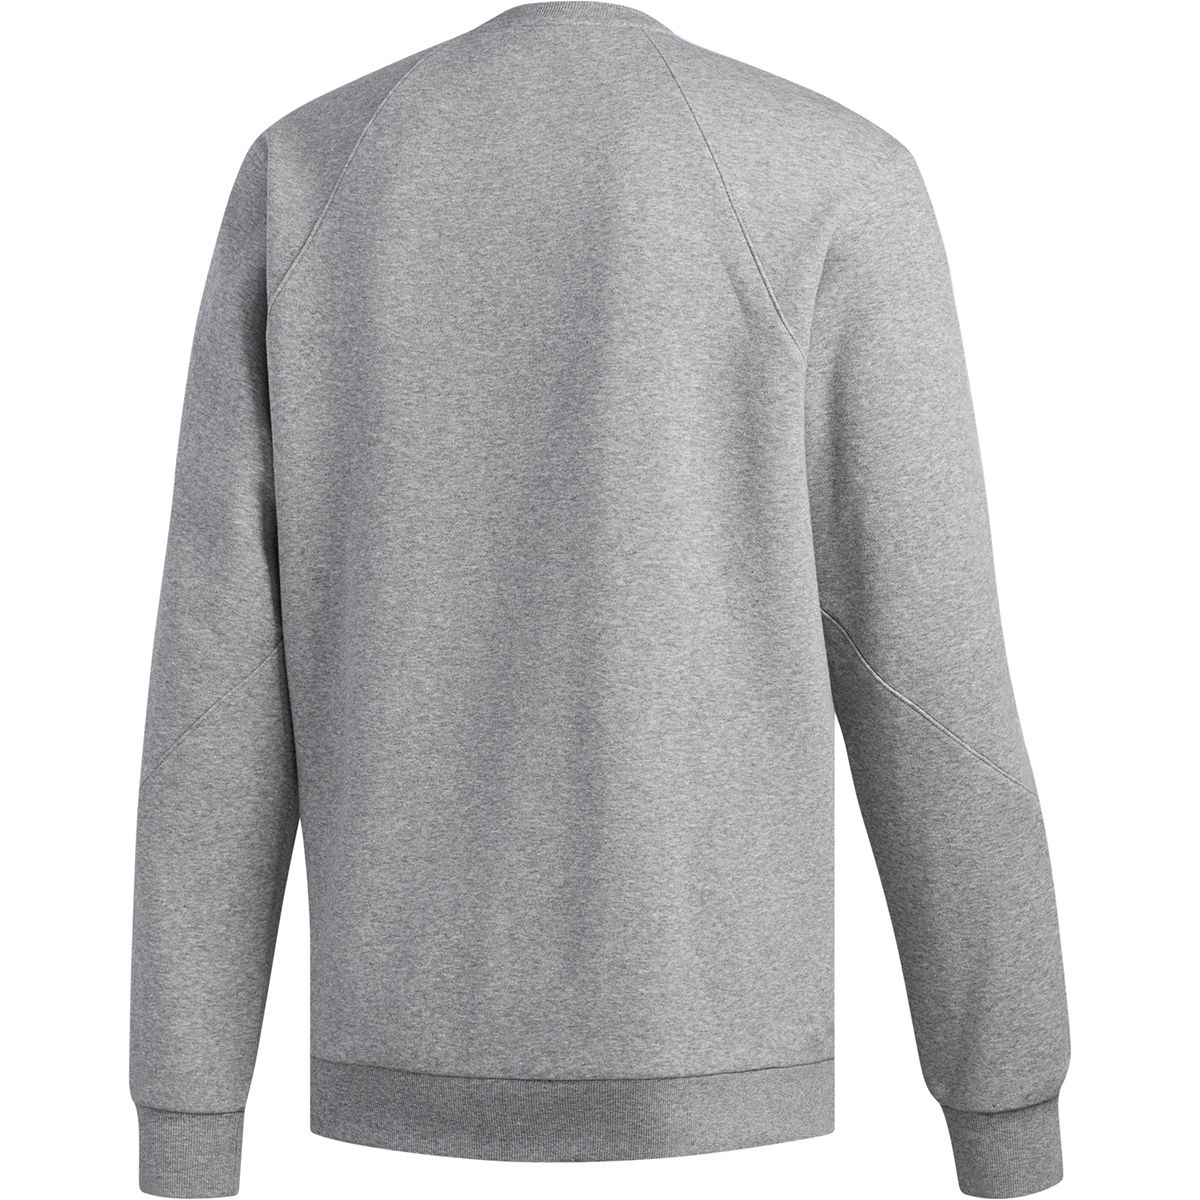 Adidas Insley Crew Sweatshirt - Men's - Clothing
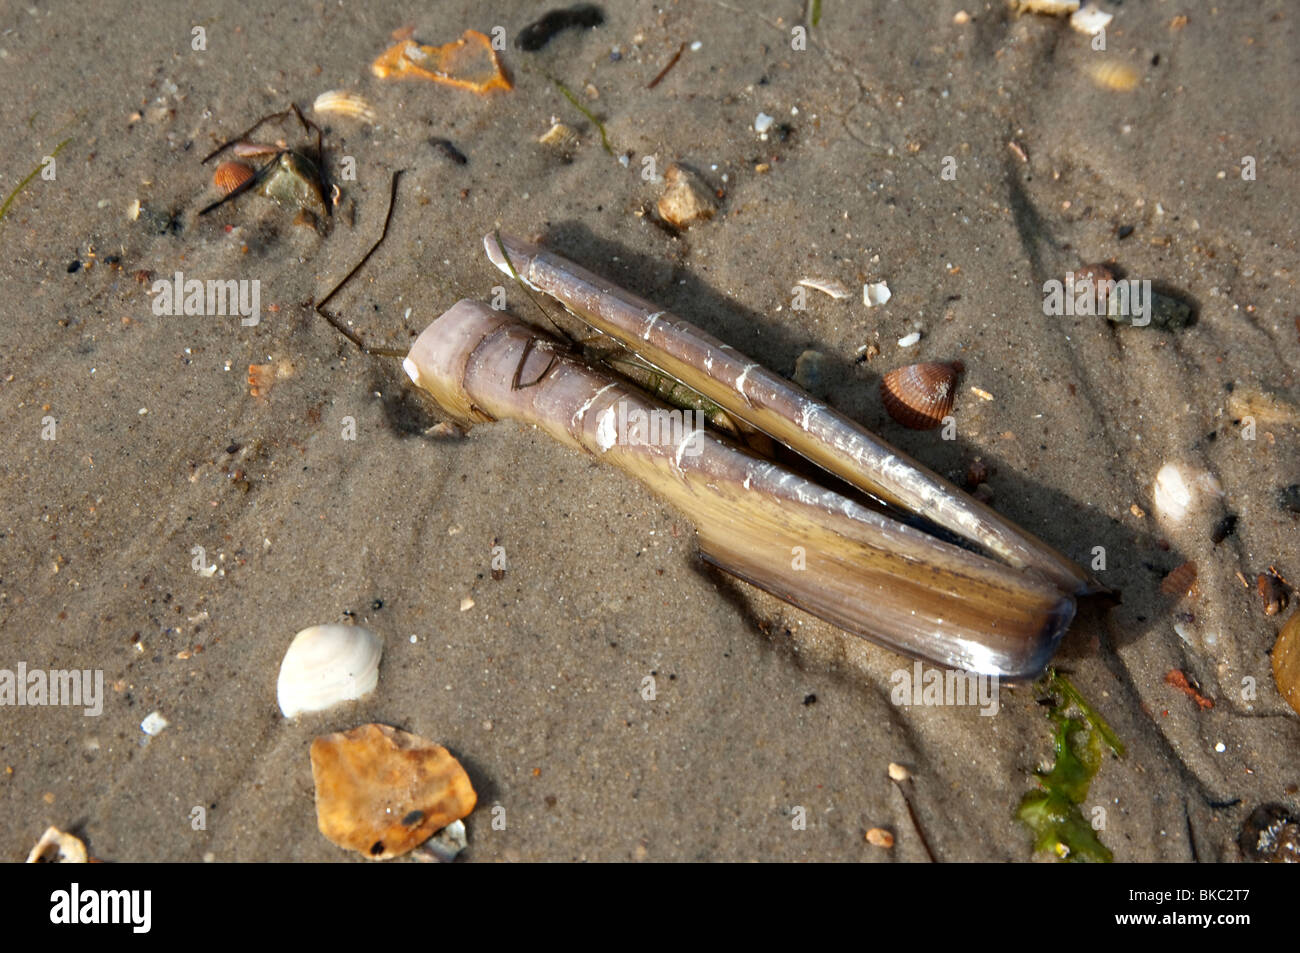 Atlantic Jackknife Clam (Ensis directus), shells on beach sand. Stock Photo
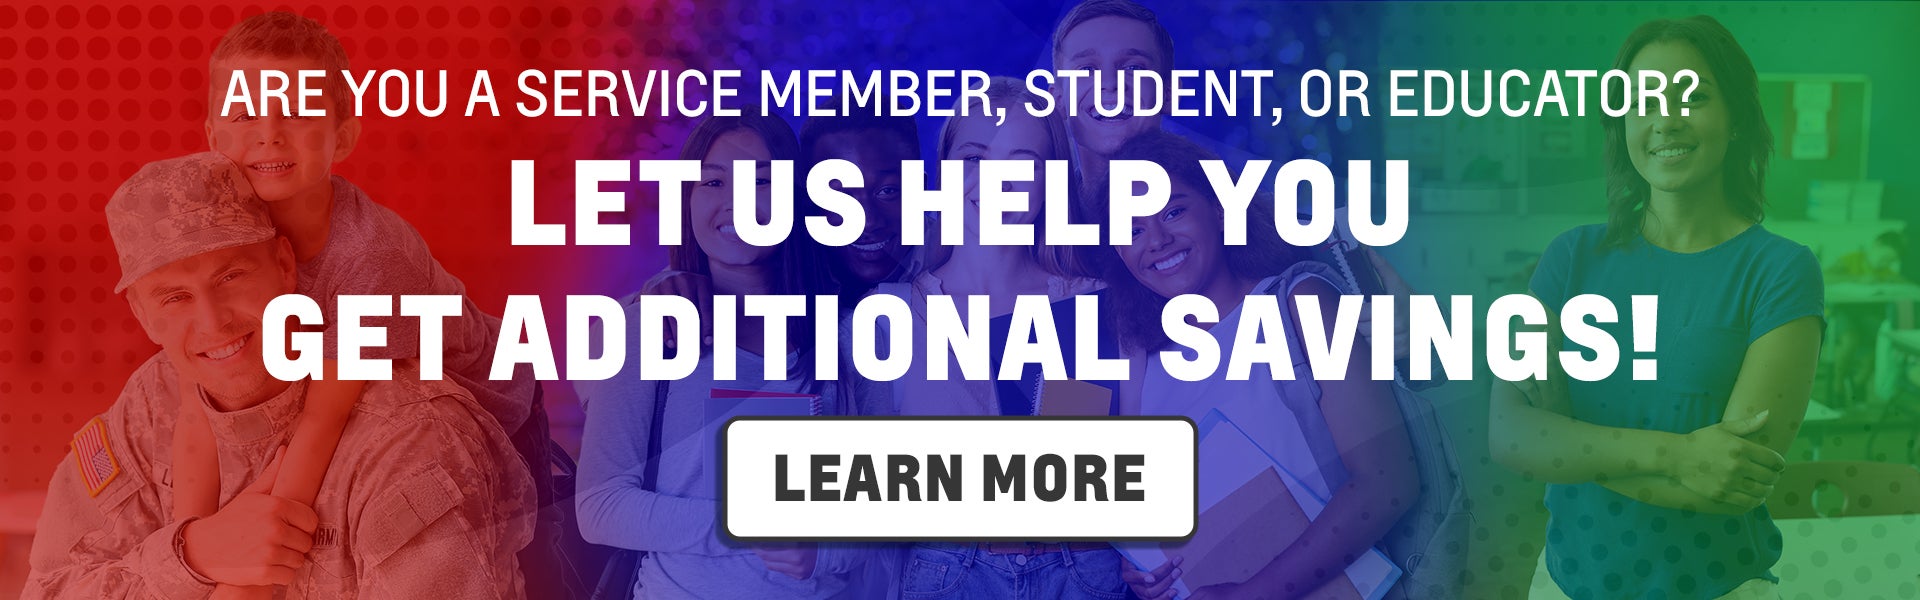 Savings For Service Members, Students, and Educators
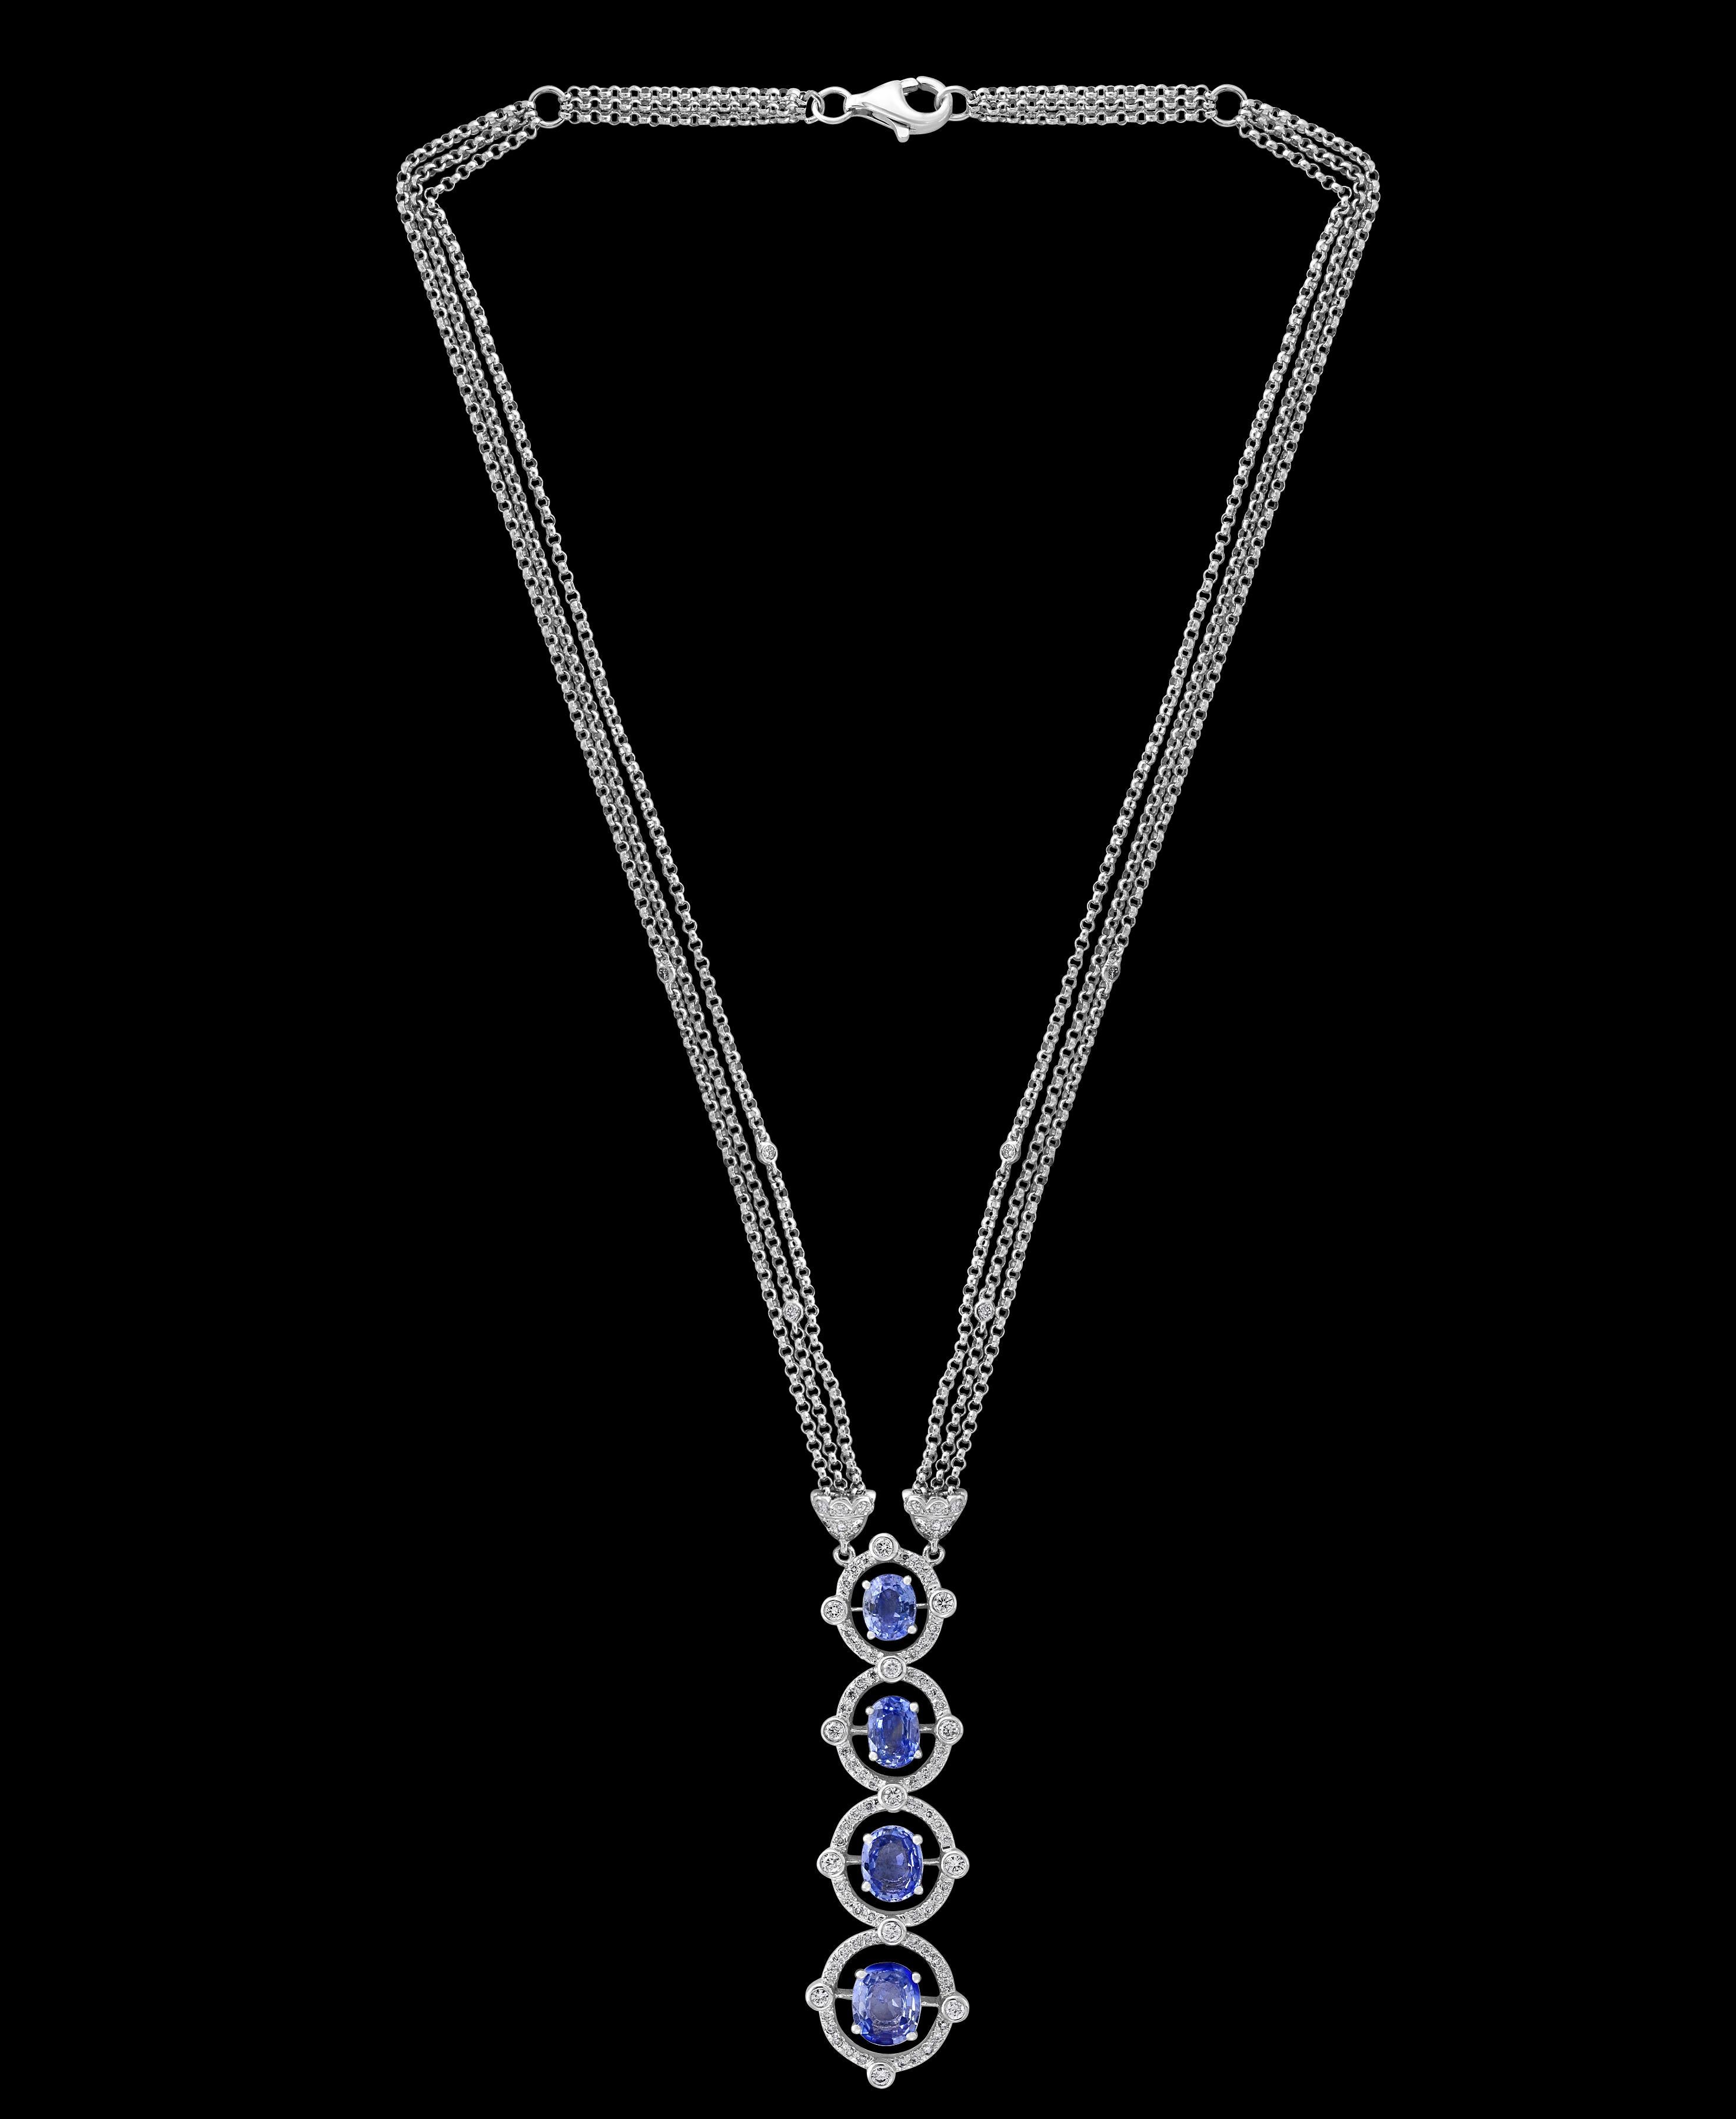 Oval Cut 7 Carat Sapphire and Diamond Pendant or Necklace 18 Karat Gold Multi Chain

Requirement — Please write the material out again exactly as shown above, minus any pictures.

Task output —
 Adidas Insley Crew Sweatshirt - Men's - Clothing
 Atlantic Jackknife Clam (Ensis directus), shells on beach sand. Stock Photo
 Savings For Service Members, Students, and Educators
 Oval Cut 7 Carat Sapphire and Diamond Pendant or Necklace 18 Karat Gold Multi Chain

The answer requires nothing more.